Scotto, Serge (scénario) & Saint, Emmanuel (dessin et couleur)
Bande dessinée
Paris : Delcourt, 2024, 99 pages, 22.50 €
🙂 Don Camillo en Provence
En France, dans les années ’70, l’exode rural était une réalité bien tangible : les jeunes habitants des villages isolés s’en allaient, attirés par le mirage d’une vie citadine plus « vivante » à leurs yeux. Ils laissaient derrière eux des régions dépourvues de main-d’œuvre et qui s’étiolaient à vue d’œil. C’est pour lutter contre ce phénomène que le maire d’un village provençal décide d’installer en ses murs une colonie de réfugiés cambodgiens. Évidemment, les premiers réflexes de ses administrés envers les nouveaux arrivants relèvent de la méfiance, mais une fois que les cambodgiens ont montré leur âpreté au travail, les quelques troubles du début finissent par disparaître. Seul l’un des villageois résiste et mène la vie dure au maire : Antoine, grand propriétaire terrien, veuf et miné par la mort de son fils en Indochine, n’admet pas l’arrivée des Cambodgiens. Parmi ceux-ci toutefois, il repère un gamin, visiblement orphelin et maltraité par ses compagnons d’infortune. Entre lui et le jeune garçon, une complicité s’installe.

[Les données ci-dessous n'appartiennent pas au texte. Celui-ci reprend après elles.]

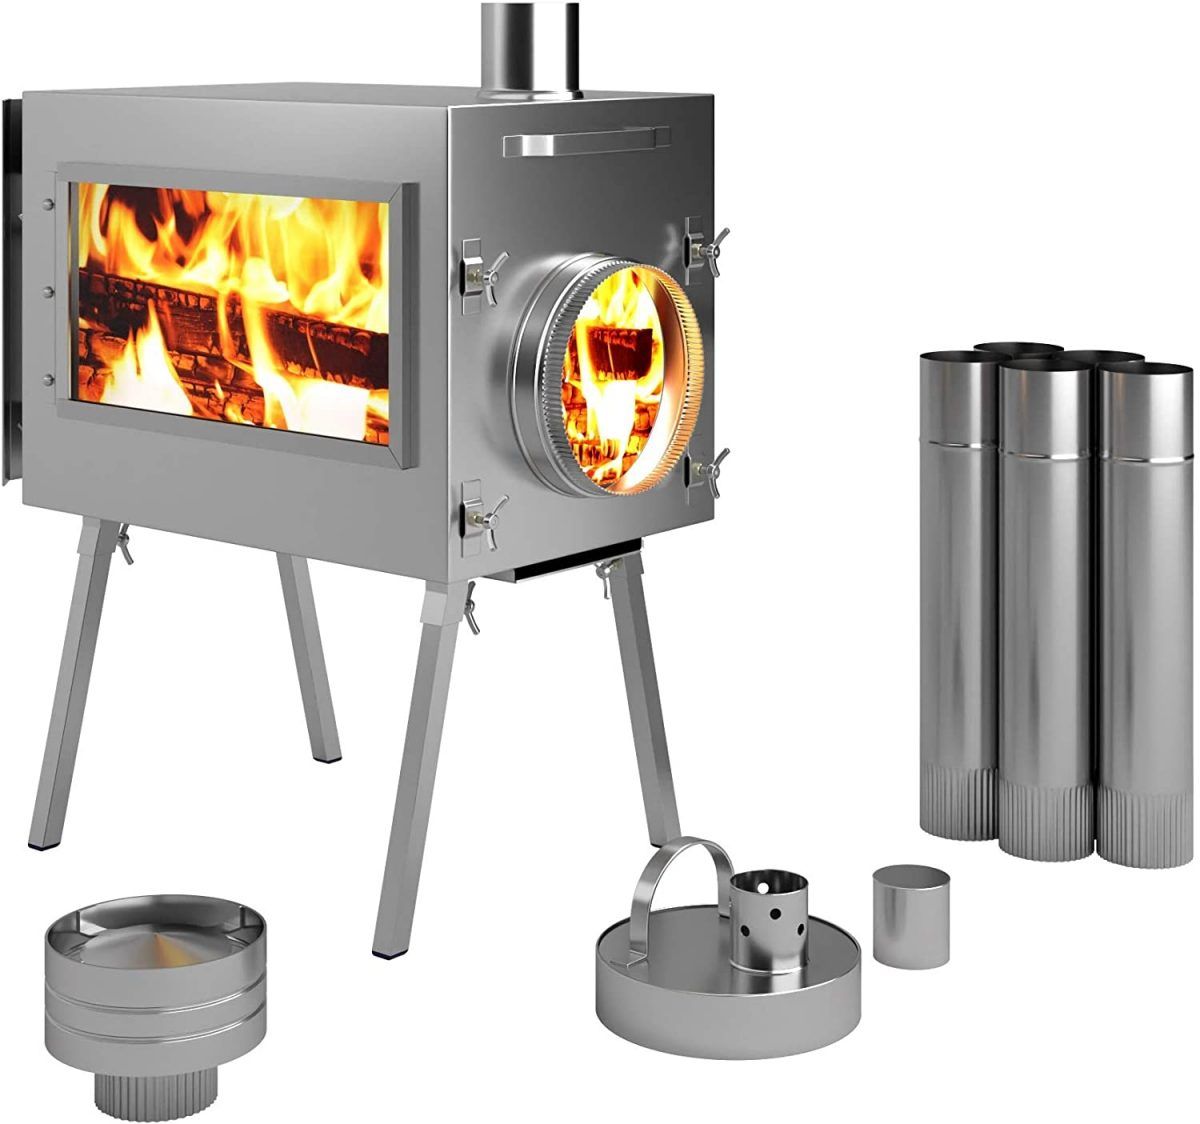 Product photo for the Russian-Bear Camping Stove.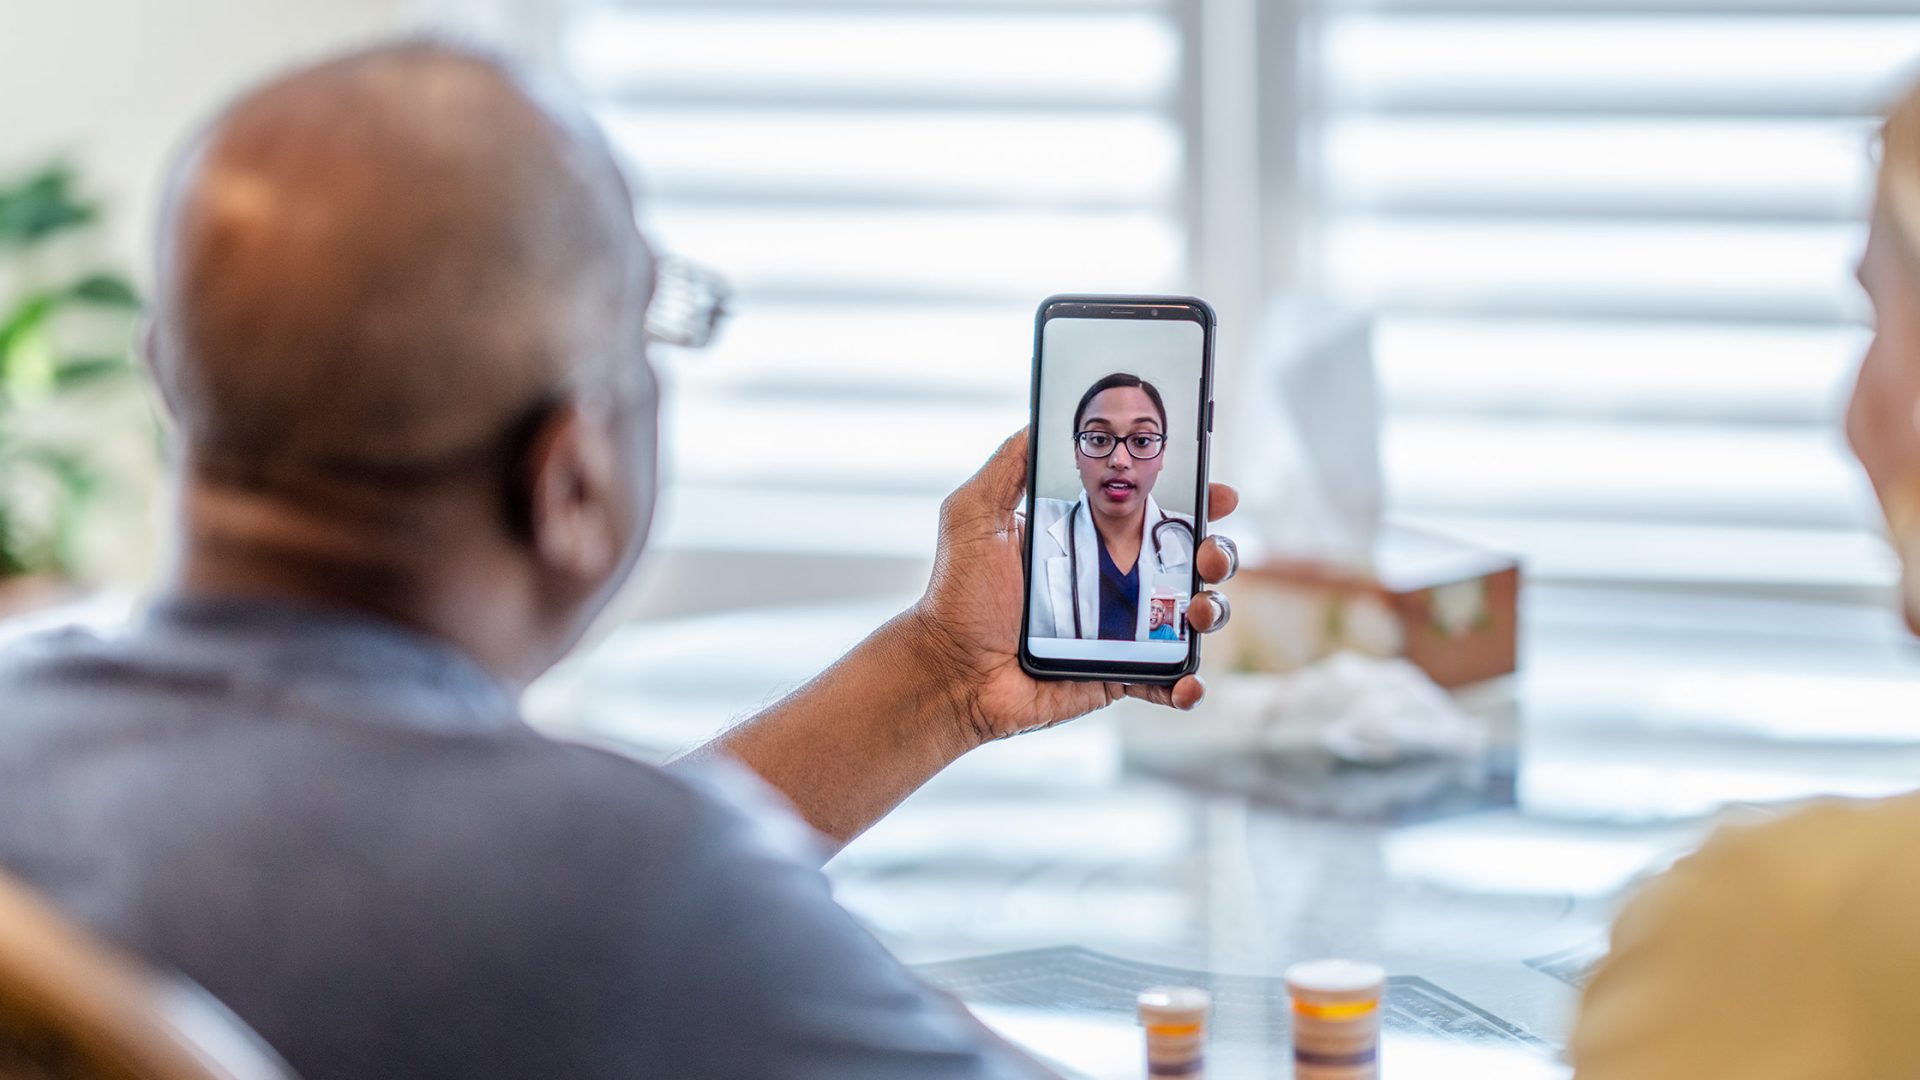 Person Having Video Appointment with Doctor via Mobile Phone

Plaidoyer pour l’intégration et la coexistence
« Des étrangers dans les lavandes » nous a des petits airs du célèbre « Don Camillo » de Giovannino Guareschi (plus connu grâce à la série de films portés par Fernandel), on n’y croise certes pas de curé aussi flamboyant mais les personnages du maire, de l’instituteur et d’Antoine font le boulot question échanges verbaux colorés. Quant au thème du vivre ensemble qui traverse la série précitée, il est ici central. Au travers de quelques péripéties qui parsèment le récit, c’est bien à un plaidoyer pour l’intégration et la coexistencepacifique au-delà des différences que nous invitent Serge Scotto au scénario, et Emmanuel Saint au dessin. Grandes cases, dominance du bleu et des couleurs claires, le trait est généreux, très lisible, même si parfois imprécis ou rapide pour certains visages. Quant au récit, généreux il l’est certes aussi, mais, avouons-le, parfois trop et trop longuement. L’intrigue pèche par manque de resserrement, elle file dans trop de directions et, à contrario, s’appesantit sur d’autres via des bulles et récitatifs trop longs. Beaucoup de bonne volonté donc de la part des auteurs sans doute, qui aurait mérité un travail éditorial plus poussé.